Рылеев провел рукой по волосам. С минуту он не почувствовал правды, почувствовав же, не смог ничего сказать, побледнел и медленно глубоко вздохнул. В это мгновение не видел он ничего, кроме Тушина.
— Вы меня знаете? — сказал наконец Рылеев.
— Я карточку вашу видел, — помолчав, сказал Тушин и, невесело улыбнувшись, прибавил: — Не сердитесь же. Там у куренщика старик с плотиком, на плотике он довезет вас до самого села.
Волнение Рылеева передалось Тушину; с изменившимся слегка и твердым лицом он вышел, не оборачиваясь.
Углубляясь в лес, Тушин думал, что сделал хорошо. «Если он крепок и хорошо себя ценит, то вывернется из-под удара душой, и вновь закипит в нем жизнь, разве смерть закроет глаза.
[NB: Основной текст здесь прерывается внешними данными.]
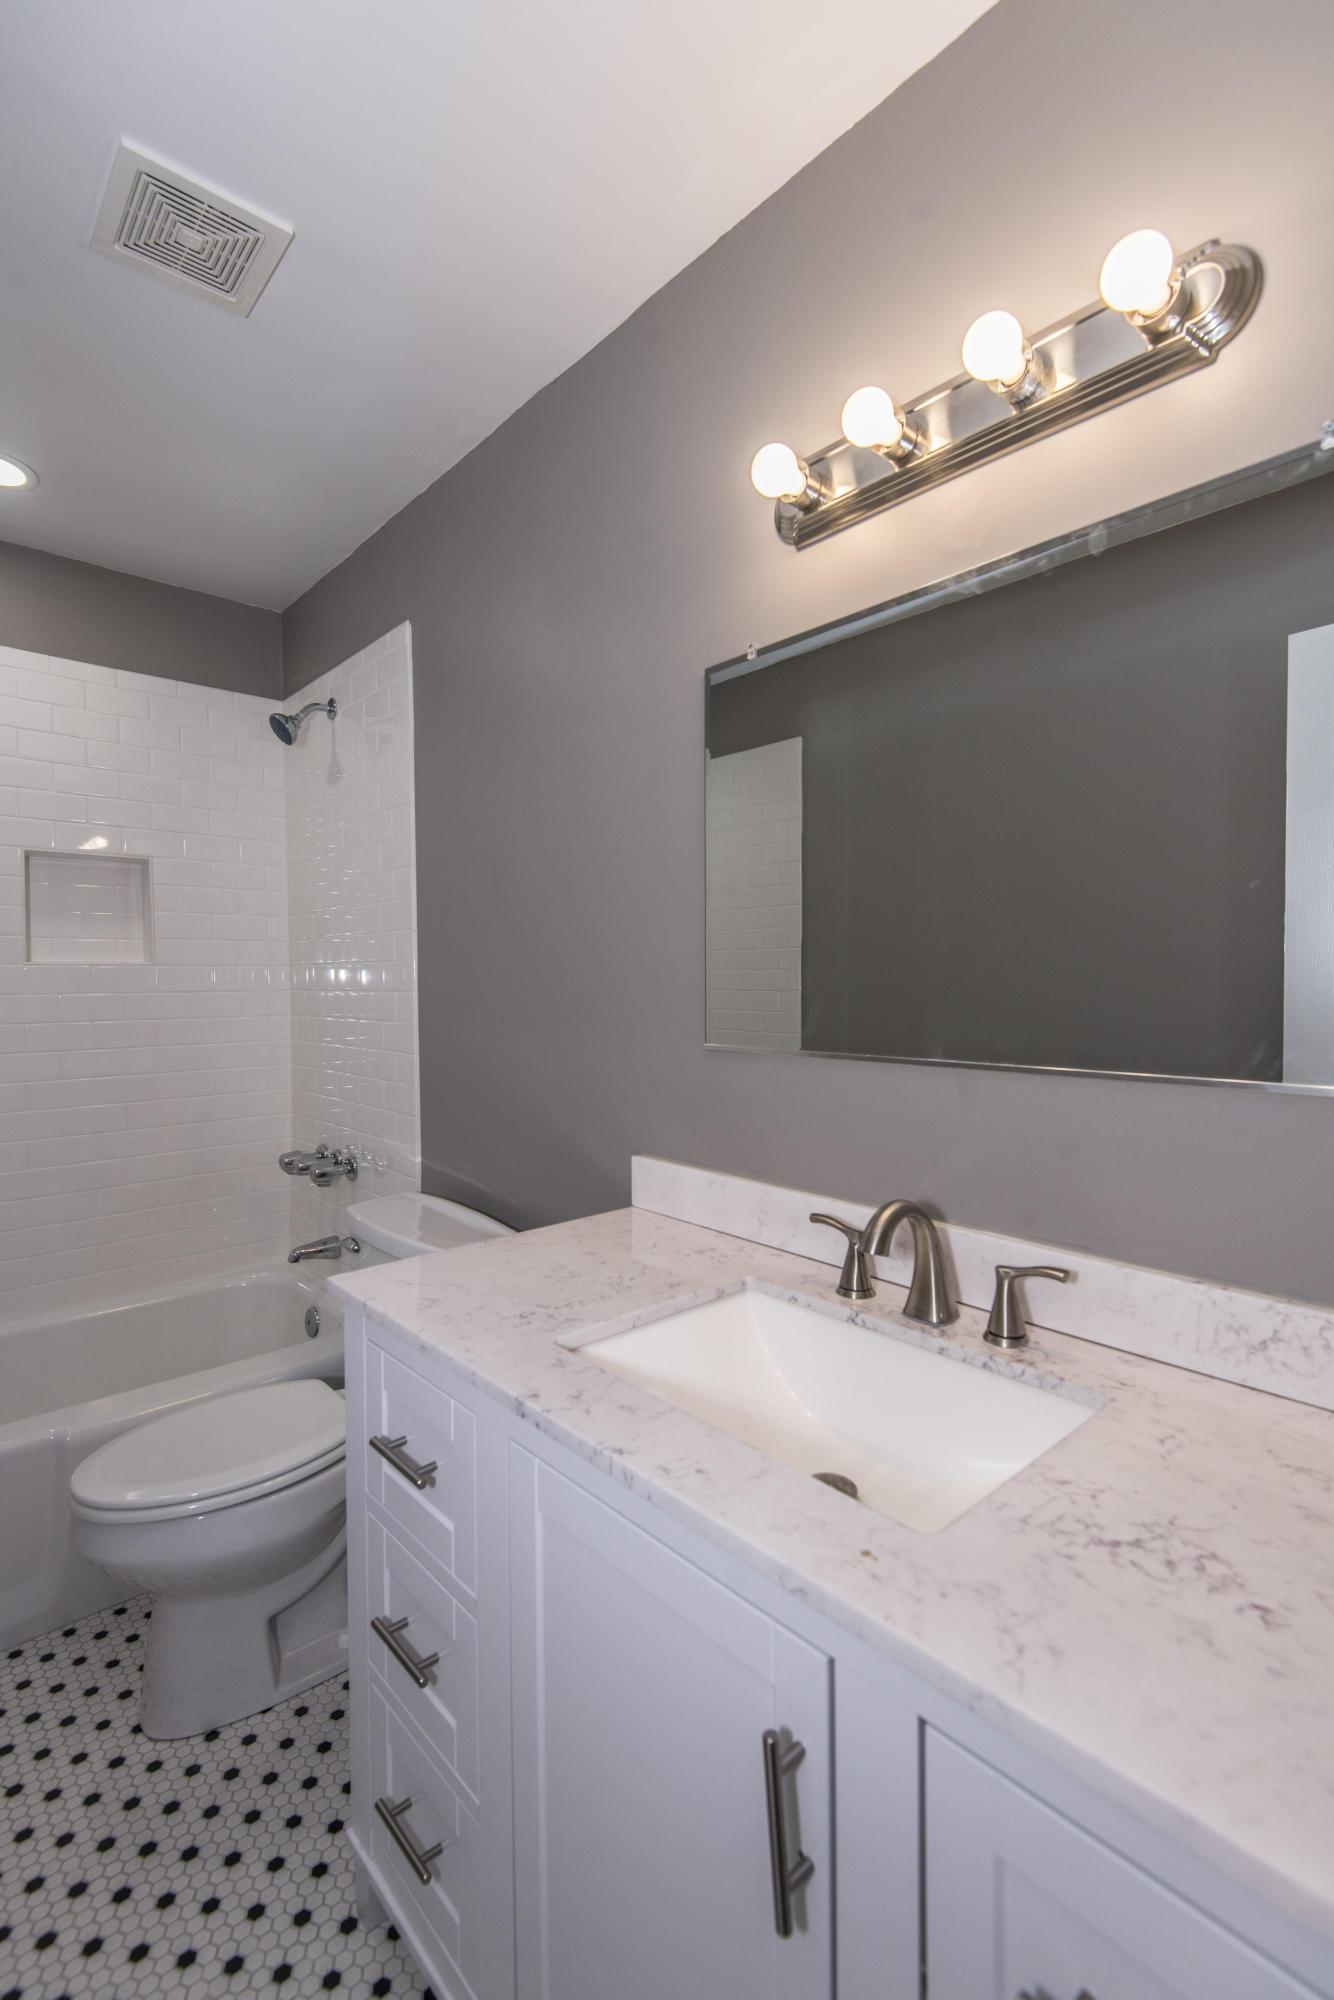 Washington Park Homes For Sale - 1337 5th, Charleston, SC - 12

Но я не уступлю никому Лизу. А будем ли мы всегда любить? Не знаю, да и не надо об этом думать».
Белый без солнца свет наполнил лес. В нем было тихо, как в душе младенца, и весело.
IX
Лиза и Тушин встретились на том же месте, где видел их мужик Звонкий. Тушин любовнее, чем всегда, поцеловал девушку; в лице ее бросилось ему выражение усталости, скрывающей себя преувеличенно веселой улыбкой и выдающейся рассеянностью взгляда. Но он ничем не дал понять ей, что заметил это, однако, со свойственной ему стремительностью, после многих ласковых слов и шуток, сказал:
— К тебе жених приехал, я его видел, он у меня ночевал.
Лиза, подняв голову, вспыхнула, слабо улыбнулась и встала. Тушин сидел, обхватив руками колени.
— Странно, расскажи, — глухо произнесла девушка. — Нет, здесь ничего не скроешь, и напрасно мы воровски видимся: все равно, я думаю, по селу сплетни ходят.
Тушин, невольно улыбаясь тому, что отбил у Рылеева женщину, передал Лизе о том, как заблудился приезжий и как ночевал, но умолчал об утреннем разговоре.
— Что же, уехал он? — спросила после долгого молчания Лиза. — И он не знает, что ты — ты?
— Нет. Уехал ли, не знаю, а что ему делать там? Лиза, — живо сказал Тушин, — ты ведь его любила?
— Любила, что же из этого? — Лиза повернулась к Тушину, и он раздумчиво уклоняющимися своими глазами встретился на мгновение с ее блестящим, прямым взглядом. — Все же я не могу отнестись к нему, как к первому встречному.
— Это понятно, — сказал Тушин. — У вас, конечно, был разговор?
— Да.
— Ну, расскажи сама, если хочешь, — сухо произнес Тушин, — не в моей привычке сидеть над душой.
— Не сердись. — Лиза опустилась на колени и теплой, пахнущей лесным воздухом, рукой обняла шею Тушина. Закинув слегка голову и улыбаясь, она, порозовев, вся сияла твердым любовным вызовом. — Поцелуй меня, лесничок!
— Нет, — трогаясь, но уже полный ревности, сказал Тушин. — Я не спокоен теперь. Идя сюда, был спокоен, а теперь нет.
— Не сердись, — снова сказала Лиза. Она ближе пододвинулась к Тушину и пристально, взвешивающим что-то взглядом смотрела на его губы. — Не сердись, — повторила она, приникла головой к плечу Тушина, стиснула руками его шею и замерла. — Ты знаешь, — услышал под плечом Тушин, — мне… мне тяжело.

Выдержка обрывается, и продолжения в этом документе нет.